**WHAT YOU NEED TO DO:** Only a number is expected: the count of lines in the listing where "Furniture" occurs.

─── DATA TO PROCESS

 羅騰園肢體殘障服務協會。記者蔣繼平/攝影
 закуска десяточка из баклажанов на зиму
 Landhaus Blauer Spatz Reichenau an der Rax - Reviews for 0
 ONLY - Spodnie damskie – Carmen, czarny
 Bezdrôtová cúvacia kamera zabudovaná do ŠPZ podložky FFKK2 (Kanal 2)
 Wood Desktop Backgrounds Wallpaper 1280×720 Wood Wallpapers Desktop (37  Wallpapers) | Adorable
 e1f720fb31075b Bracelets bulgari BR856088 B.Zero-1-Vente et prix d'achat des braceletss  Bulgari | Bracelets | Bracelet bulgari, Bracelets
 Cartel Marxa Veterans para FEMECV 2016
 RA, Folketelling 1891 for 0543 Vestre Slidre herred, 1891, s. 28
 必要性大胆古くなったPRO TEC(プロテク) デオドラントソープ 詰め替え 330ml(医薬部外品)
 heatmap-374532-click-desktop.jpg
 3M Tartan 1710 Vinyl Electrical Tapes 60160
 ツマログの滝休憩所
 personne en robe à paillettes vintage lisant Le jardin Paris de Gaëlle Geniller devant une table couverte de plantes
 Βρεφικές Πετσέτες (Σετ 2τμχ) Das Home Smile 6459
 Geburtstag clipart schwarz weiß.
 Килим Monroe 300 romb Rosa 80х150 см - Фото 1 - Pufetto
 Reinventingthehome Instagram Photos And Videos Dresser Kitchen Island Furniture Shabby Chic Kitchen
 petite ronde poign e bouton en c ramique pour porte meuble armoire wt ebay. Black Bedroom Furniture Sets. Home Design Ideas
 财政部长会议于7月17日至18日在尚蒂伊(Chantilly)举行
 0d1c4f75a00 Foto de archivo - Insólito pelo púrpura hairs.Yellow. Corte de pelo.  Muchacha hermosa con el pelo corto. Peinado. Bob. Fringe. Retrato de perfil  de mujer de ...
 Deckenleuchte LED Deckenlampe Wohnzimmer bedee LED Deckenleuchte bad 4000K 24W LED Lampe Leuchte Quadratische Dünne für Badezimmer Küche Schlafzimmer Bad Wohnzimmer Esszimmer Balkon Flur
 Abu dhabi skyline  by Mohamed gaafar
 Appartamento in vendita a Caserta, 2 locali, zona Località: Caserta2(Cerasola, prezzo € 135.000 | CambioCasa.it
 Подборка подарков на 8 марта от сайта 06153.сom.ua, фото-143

──────

**EXERCISE RESPONSE:** 2